ABOUT THIS TASK: Pictures must not appear in the copy. Restate exactly the lines below from the one with "banniere_mouton" through the one with "Huawei Watch, lansat oficial în România", inclusive.

THE INPUT:
────────────────
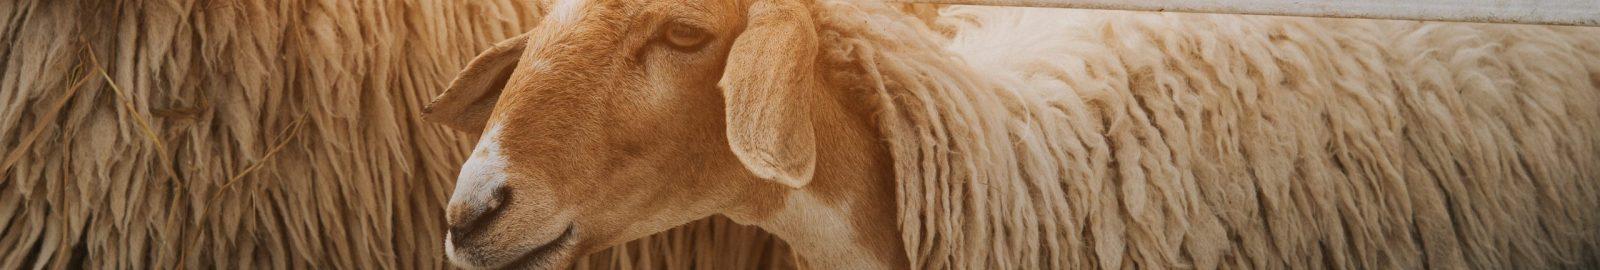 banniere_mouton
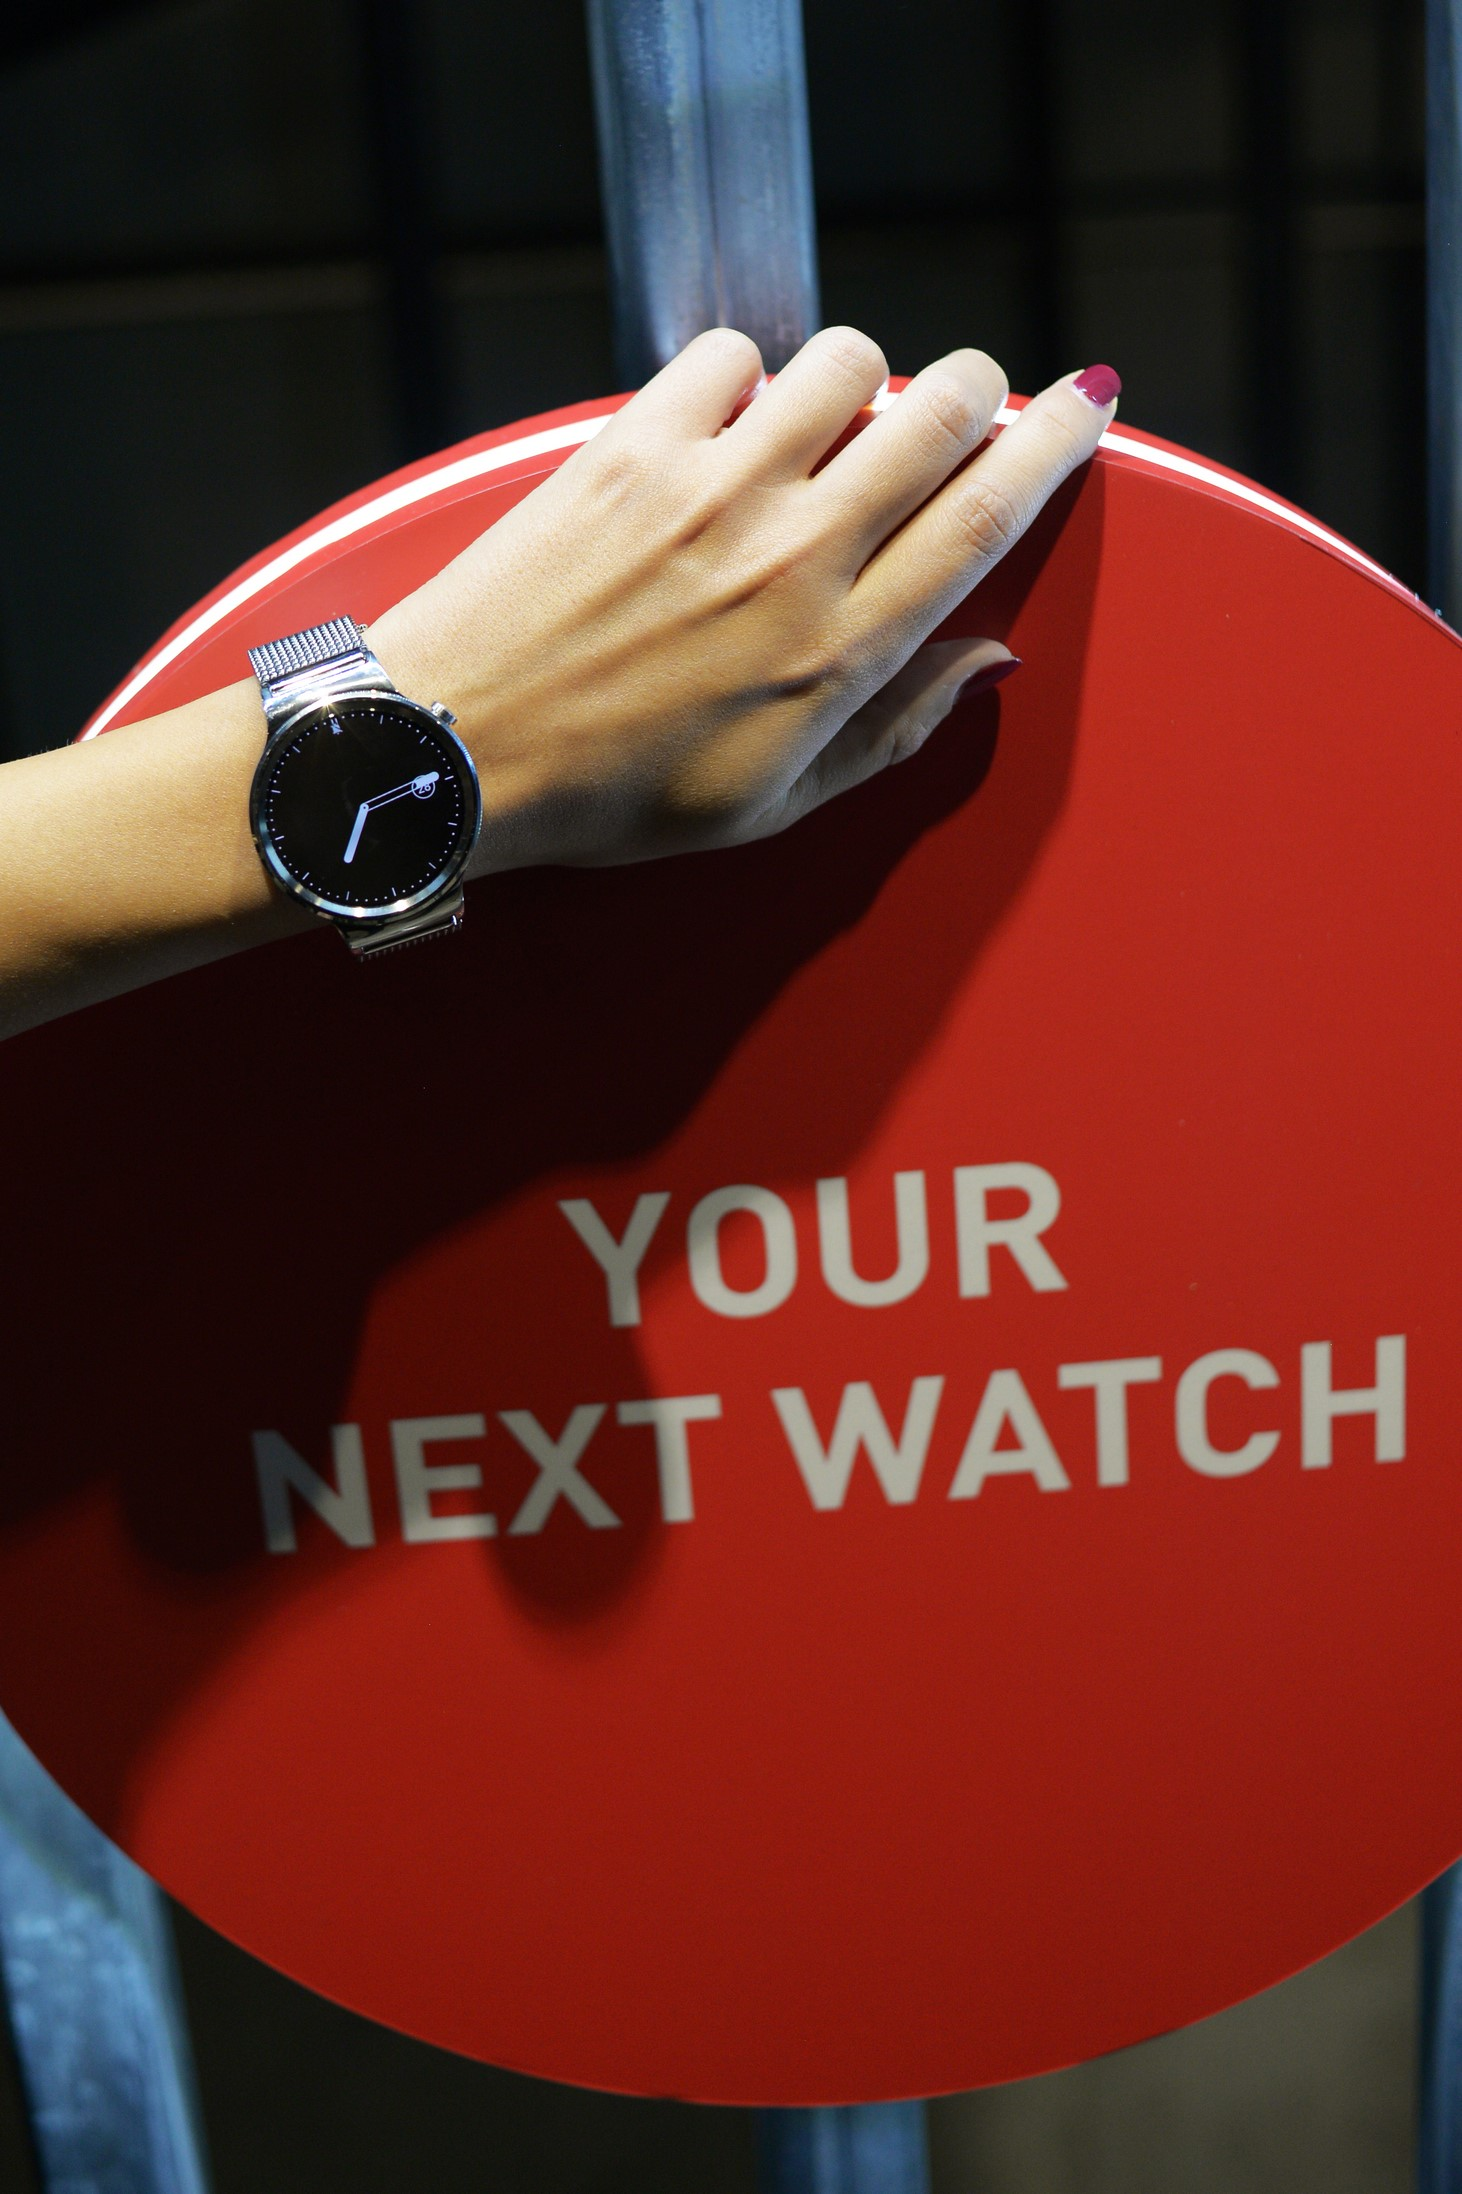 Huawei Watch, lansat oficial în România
────────────────
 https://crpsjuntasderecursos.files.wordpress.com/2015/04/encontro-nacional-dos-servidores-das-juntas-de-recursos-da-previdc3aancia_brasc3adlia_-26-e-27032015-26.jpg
────────────────
RESULT BELOW:
 banniere_mouton
 Huawei Watch, lansat oficial în România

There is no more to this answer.